Pharmaceuticals


This meeting covered:
  • different areas of pharmaceuticals
  • education path for pharmaceuticals
  • what some companies work on


It also emphasized the importance of being flexible and being driven in order to find the right career for you.

Speaker's Background

  • PhD is in biochemistry: very applicable in anything in the biological sciences area
  • Worked for Amgen for about 10 years (Seattle, Colorado)
  • Worked for a couple of small companies
  • His dad had a PhD in organic chemistry and was a teacher at a college
  • He would look at his dad's scientific journals (ex: CDM news)
  • it gave him interest in terms of what science can do
  • His excitement grew as he realized that he had abilities in the sciences.
  • Concordia University: undergrad, Scripps Research Institute in San Diego: graduate, Washington University in St. Louis: PhD

Figure out where your passion is and where your skills lie, and find something that marries those two 

sample things around your passions/interests/skills

Bachelor's at Concordia University (Montreal) 


  • Did not go to a well-known university because Concordia had two programs he was interested
  • 3rd tier school
  • 1st program: Co-op (work study), alternating between working and studying each semester
  • Four month delay on graduation, but acceleration in experience
  • 2nd program: science college, like a multi-disciplinary science minor
  • More lab experience (8 total)
  • Organic chemistry, chemical synthesis, kinetic chemical kinetics, molecular biology
  • Small class size: teachers are more focused on teaching than research because they are not given large grants for research (compared to top tier schools)
  • Trade-off: bigger schools give you name recognition and strong networks

Graduate School

  • All of his undergraduate experience gave him tremendous benefit when applying to graduate school
  • Very focused in his applications
  • Interviewing with professors: had many examples of overcoming failures even though his resume looked very successful
  • Those failures build character and demonstrate your ability to push through
  • Professors knew he was capable of doing what he wanted to do

One error in graduate school: he did not contact a professor he was really interested in the day before the interview

  • Professor was on a different campus and didn't interview students unless contacted in advance
  • Dr. Hambly attended another college he was intrigued by for two years before switching to the college with the professor above
  • Flew to meet the professor before transferring
  • Within 10 seconds, Dr.

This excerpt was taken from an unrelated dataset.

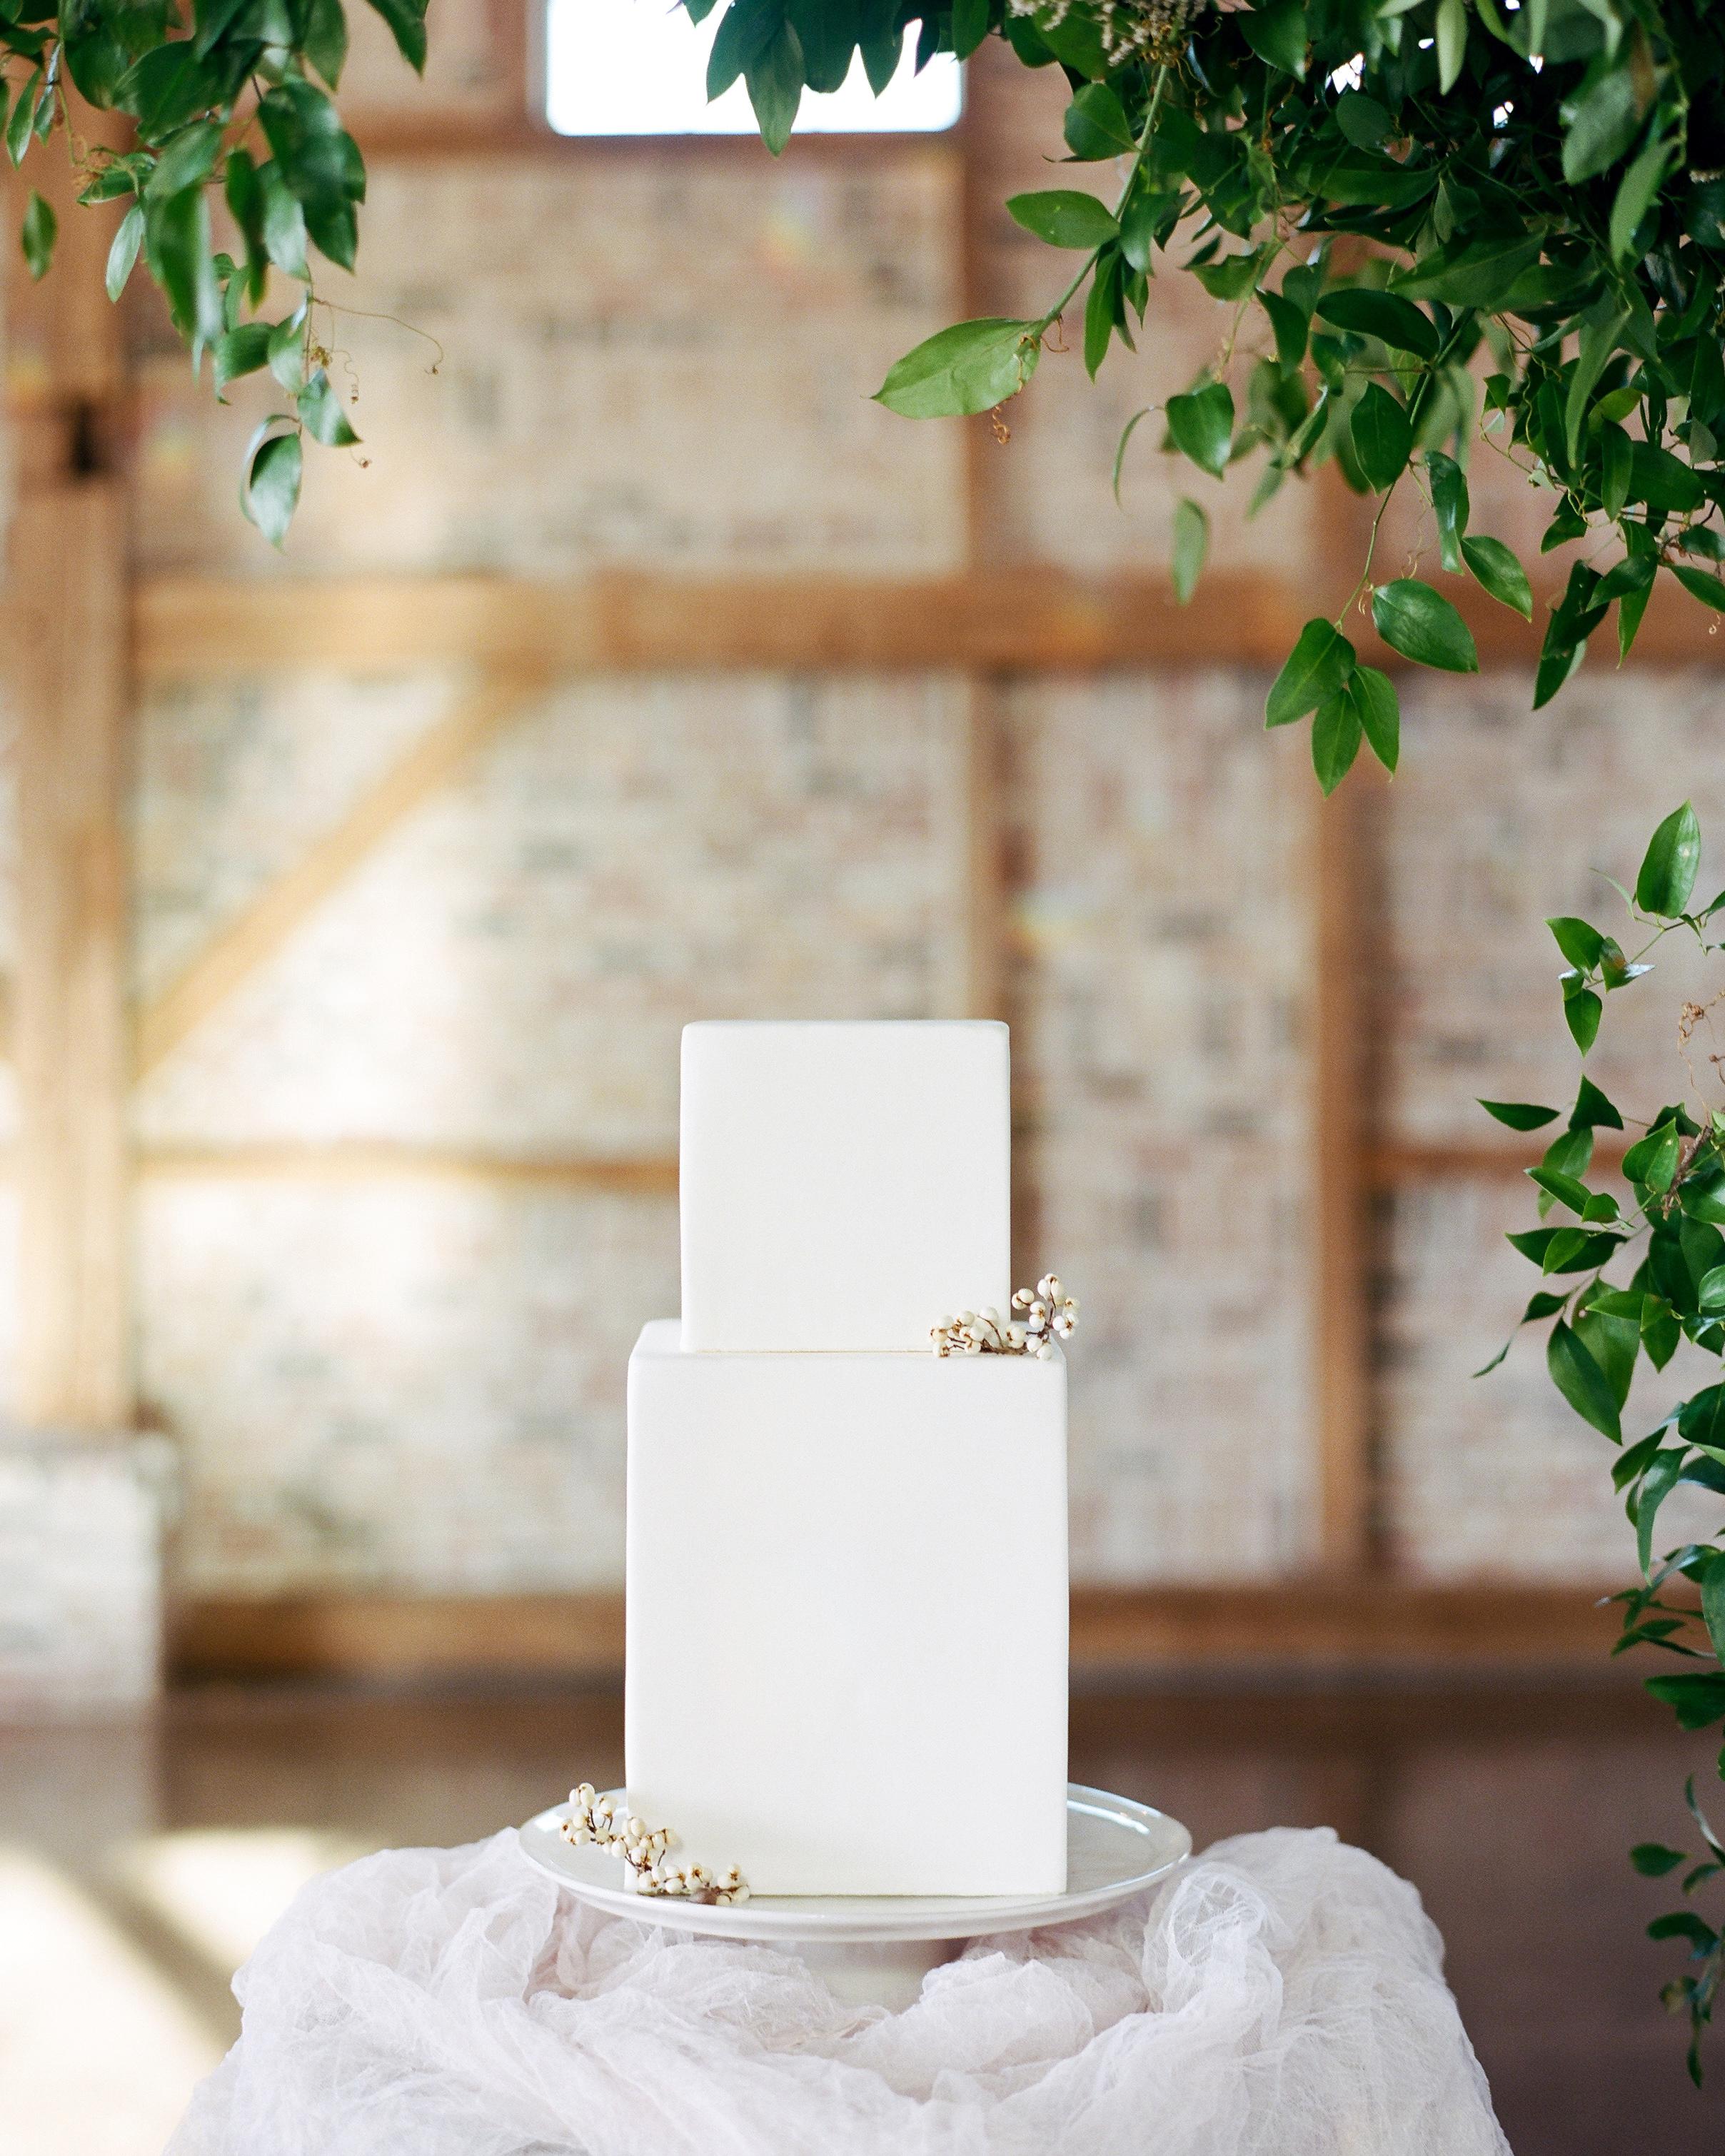 cubed wedding simple rectangular white cake

Hambly knew he wanted to switch
  • The college made a special exception for his transfer because they recognized him

This error cost a year of education

Getting a PhD?

  • Before: "You can do anything with PhDs"
  • Now: "You might go anywhere, you might do anything"
  • You don't know what jobs are going to be available, or where those jobs are gonna be
  • Ex: Biomedical scientists concentrated in Boston and San Francisco
  • If you're interested in biomedical sciences, you will probably go to one of those two places

Flexibility

  • We find cultural efficiencies by congregating
  • Ex: small tech companies start in Silicon Valley where all the money, employees are, and other successful companies are
  • When you go into a career, you have to put your personal desires to the side to focus on what the business goals are
  • People coming out of academia are used to having a project that is their focus/passion
  • they switch to a company sometimes to continue that type of a project
  • However, in a company, you have to be flexible

Change is a reality

  • If you want to stay in one location, you need to be more flexible

Working at Amgen

  • Hired for Job A, but asked to do Job B (both within his capabilities)
  • Job B was a great fit for him
  • He is entrepreneurial/innovative, and Amgen allowed that
  • Asked to fulfill a leadership position in formulation
  • Applied a principle to his job and helped to improve it
  • This gave him experience in the business side of drug (biotherapeutics), but he wanted to learn more about the how to bring drugs forward to patients
  • So, he proactively drove his career into a different direction and moved (Seattle to Colorado)
  • Changed from early stage organization to late stage organization (where they brought the drugs to the patient, as opposed to very early clinical trials)
  • Put into a new type of medicine, using a virus to treat cancer
  • Spent three years in that program learning about this unique biology
  • His earlier experience in different fields prepared and enabled him to shift and move into all these different parts of his career
  • That breadth gave him the ability to transition in his career

Working at Smaller Drug Company

  • Dealt with cell biology
  • Applied everything that he learned at Amgen (bringing drugs to patients) to develop the Karthi drugs
  • They take blood from a cancer patient who is within weeks of death in the lab, change the genetics of the cell so that it can "see" the cancer
  • Saves 75% of people who would be dead in weeks.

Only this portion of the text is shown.